Saul informs Walt of what occurred in his office and Walt takes the money back to Jesse – telling him that he earned that money, he should keep it. Jesse is still upset and it is hinted at that he believes Mike to be dead because Walt could not have killed all of his men in prison and be so calm about it if Mike were still alive. Walt continues to insist that Mike is alive, but Jesse doesn’t seem to be convinced. Jesse eventually loads the duffle bags into his car and drives around with it. When a homeless man asks him for some change, Jesse instead gives him a $10,000 bundle of cash and proceeds to drive around, throwing more bundles out the window of his car.
Rushing to his bathroom, Walt sloppily mirrors what we saw Gus Fring do when he drank the poison with the cartel. After his first bout of throwing up, he fixes the crooked towel to pad his knees better – where Fring was collected enough to lay it down nicely the first time – and while he sits there, he discovers his copy of Leaves of Grass to be missing. He realizes, like the rest of us, that Hank was in here using the bathroom for a long time and seems to jump to that neatly bow-wrapped conclusion. On his way to check on his suspicions, Walt finds the same tracker that he and Hank had once decided to put on Fring’s car attached to his car.
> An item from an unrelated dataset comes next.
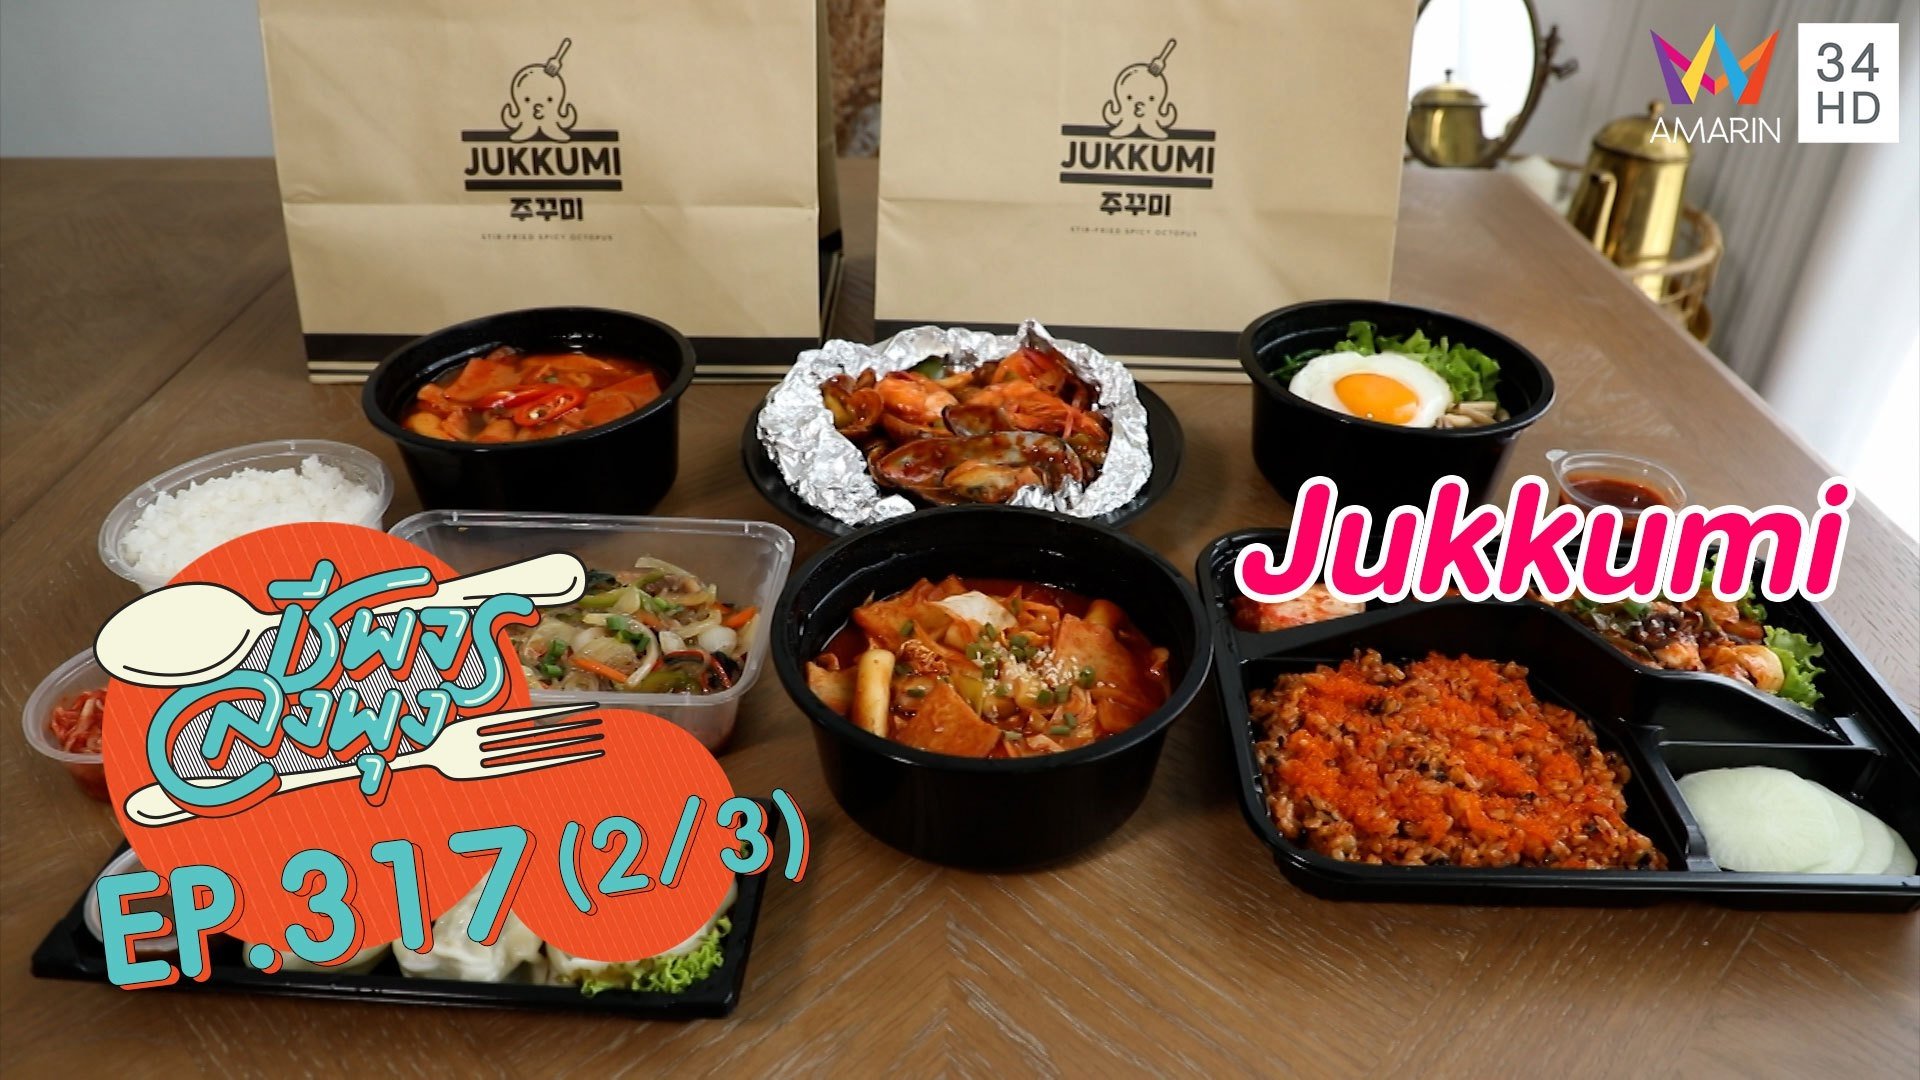 เอาใจคออาหารเกาหลี @ ร้าน Jukkumi | ชีพจรลงพุง | 21 ส.ค. 64 (2/3) | AMARIN TVHD34

When he gets to Hank’s, the conversation starts out pleasantly enough, but Walt’s suspicions are all but confirmed. Walt asks about the tracker, the garage door shuts, and Hank gets the good punch in that we all wanted to see happen. He accuses Walt of being Heisenberg – of causing the car crash to keep Hank from the lab, of being the one to give his number to someone to call him about Marie’s fake car accident – and claims he doesn’t even know who he’s talking to. Walt transforms into Heisenberg almost before his eyes, warning him that, if that’s true, perhaps he should tread lightly.
Hank immediately wants Walt’s kids out of danger and brought to him and Marie, while Walt admits that he might die before Hank ever gets to prosecute him. His cancer has returned and Hank, the badass that he is, says good, good, he hopes Walt rots.
And that kicks off the insane beginning of the end for Breaking Bad. How much do you love Hank? Because if it’s not “a whole hell of a lot,” we need to have a talk. What do you think is in store for Jesse at the end of all of this? What’s Saul going to do if he loses his biggest money-making clients?